| Task requirements |
The answer must consist solely of the lines from the line with "o., Gönczi, Katalin: Bayern,a" to the final line of the data below, reproduced exactly, pictures omitted.

| Supplied data |
# # #
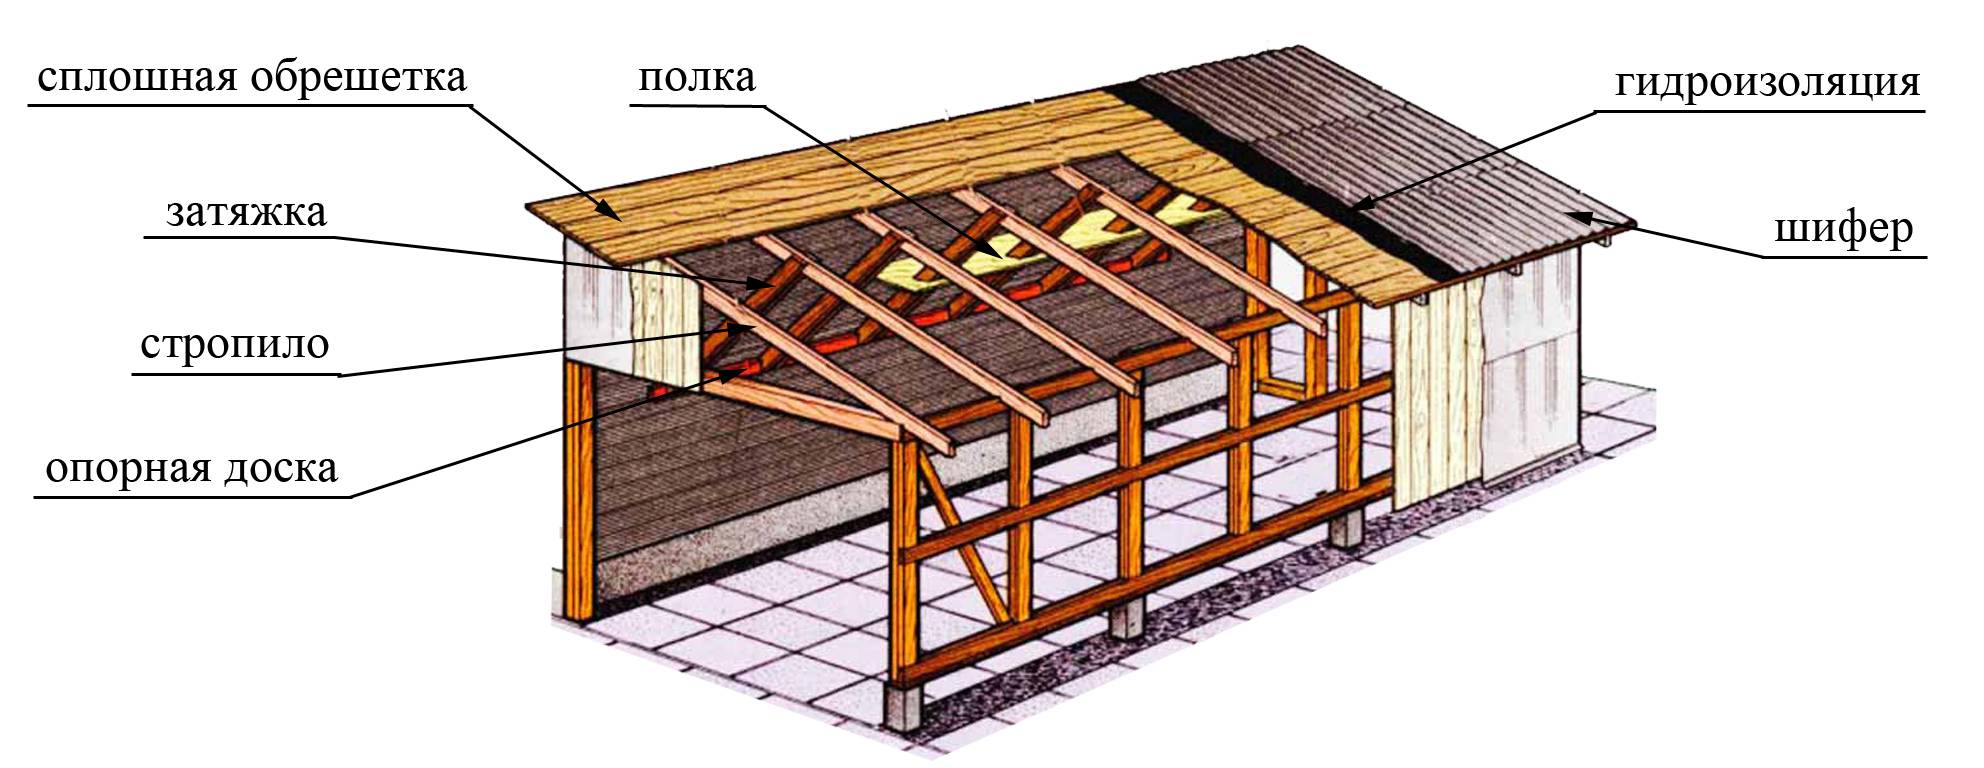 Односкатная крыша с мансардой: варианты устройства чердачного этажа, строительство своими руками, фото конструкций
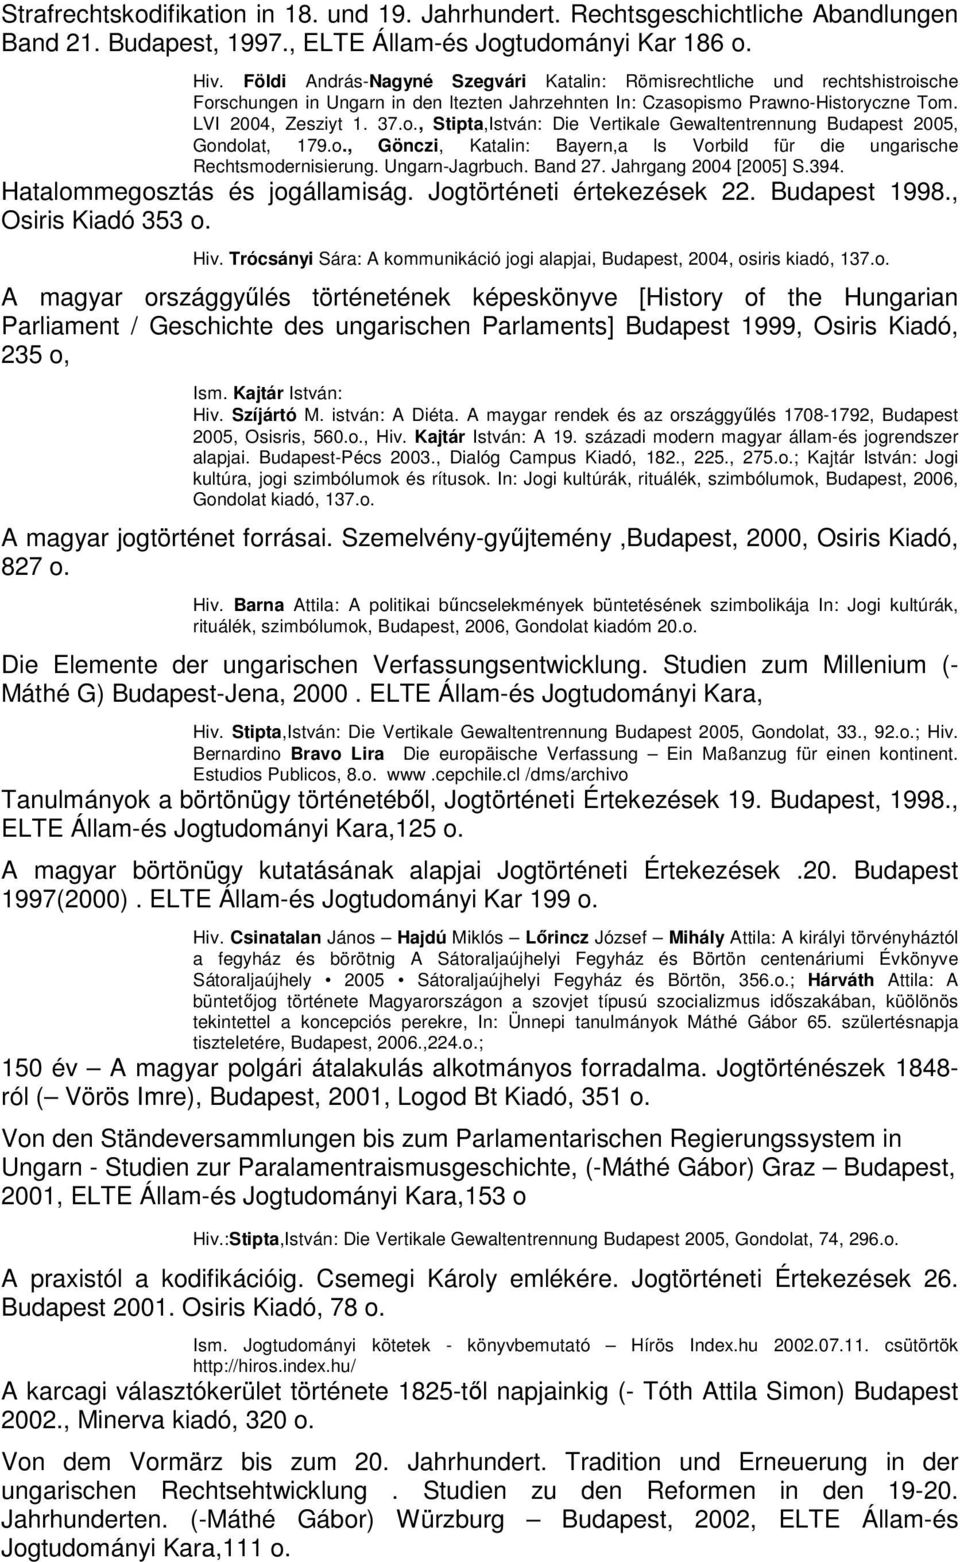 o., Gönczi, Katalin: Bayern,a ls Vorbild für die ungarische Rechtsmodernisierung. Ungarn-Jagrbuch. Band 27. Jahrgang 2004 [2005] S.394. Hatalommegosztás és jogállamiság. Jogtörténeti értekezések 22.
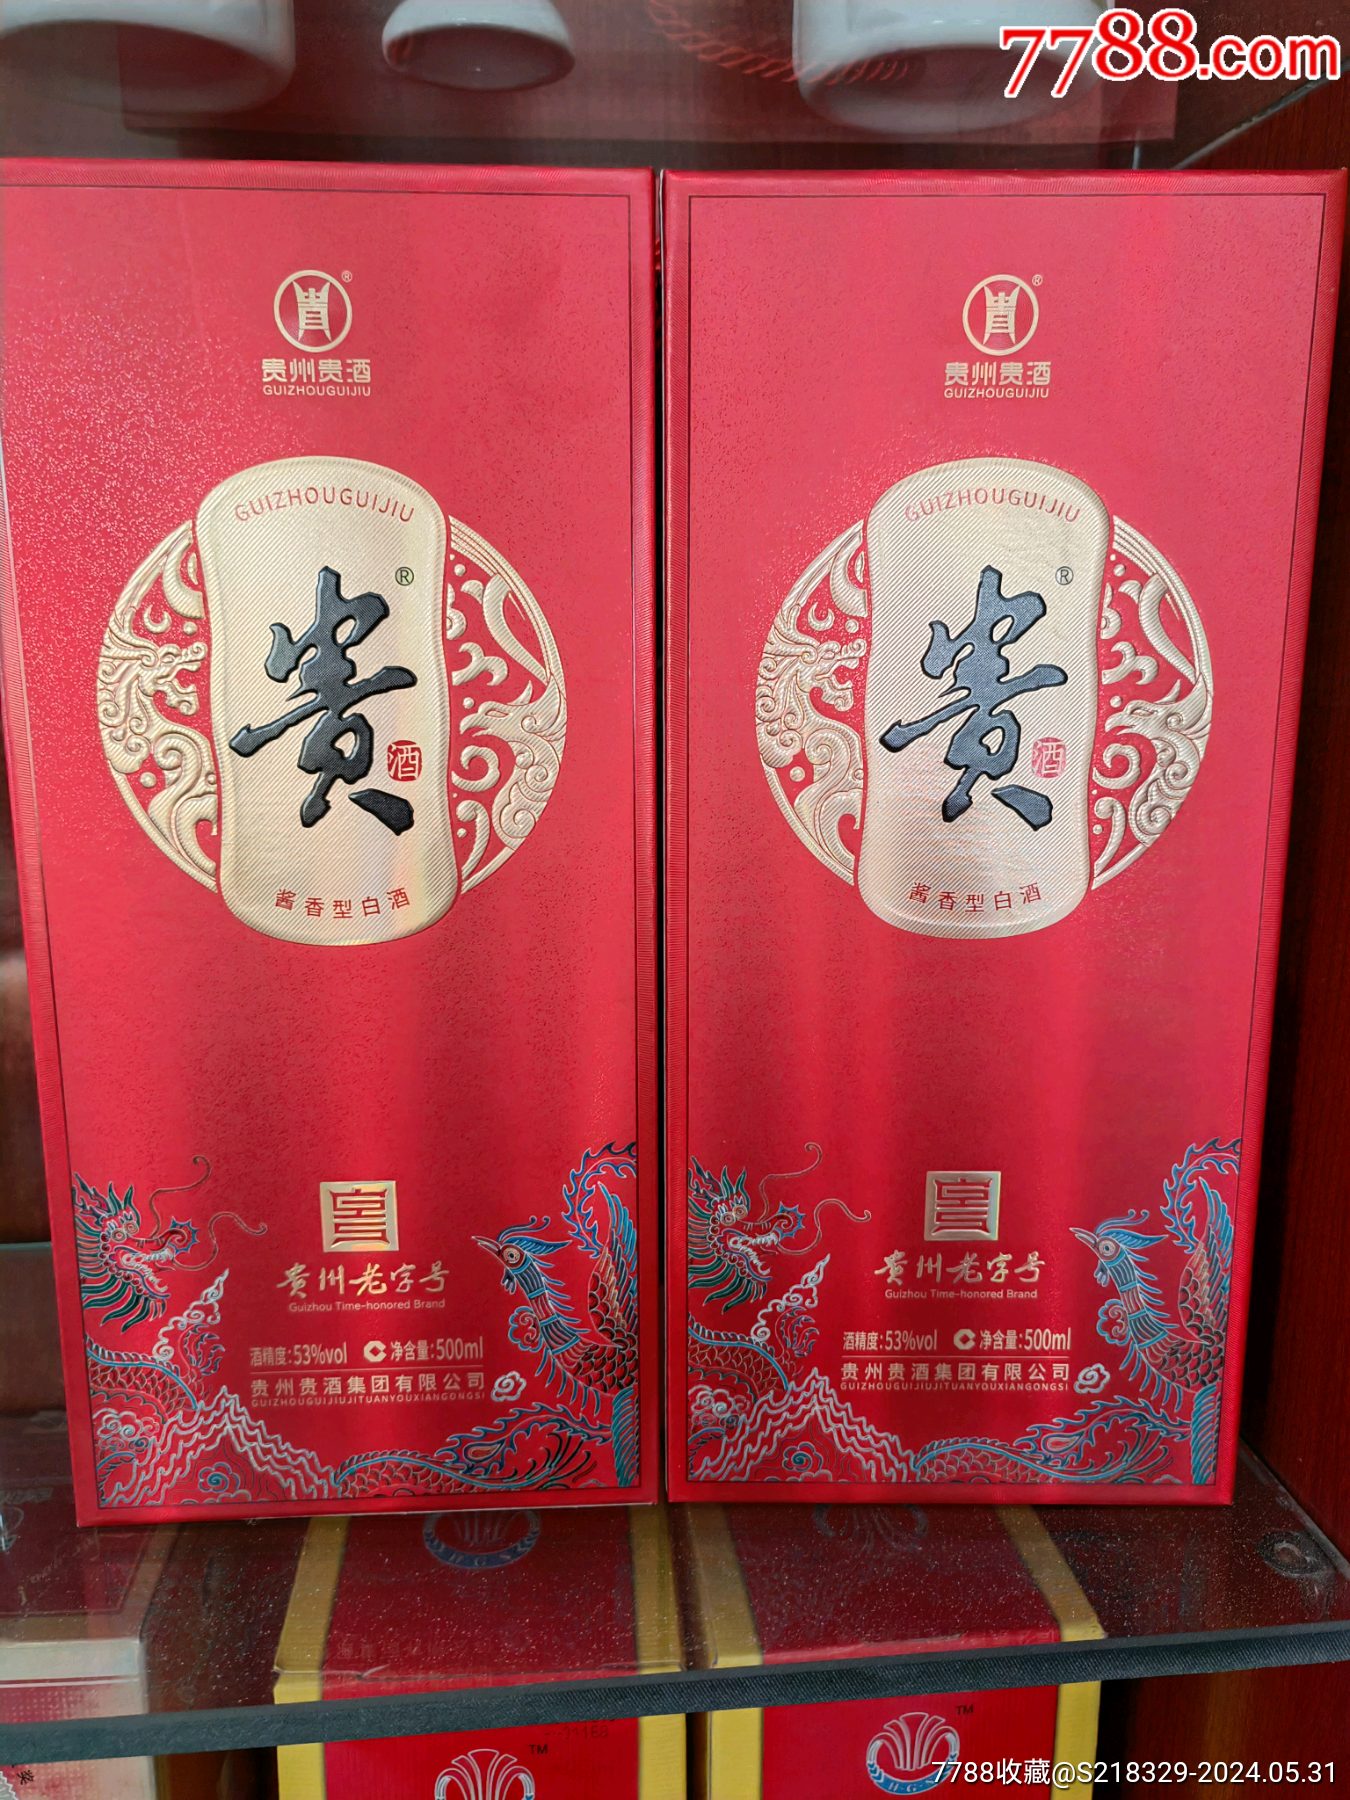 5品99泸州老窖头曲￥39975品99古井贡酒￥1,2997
# # #
| Answer section |
 o., Gönczi, Katalin: Bayern,a ls Vorbild für die ungarische Rechtsmodernisierung. Ungarn-Jagrbuch. Band 27. Jahrgang 2004 [2005] S.394. Hatalommegosztás és jogállamiság. Jogtörténeti értekezések 22.
 5品99泸州老窖头曲￥39975品99古井贡酒￥1,2997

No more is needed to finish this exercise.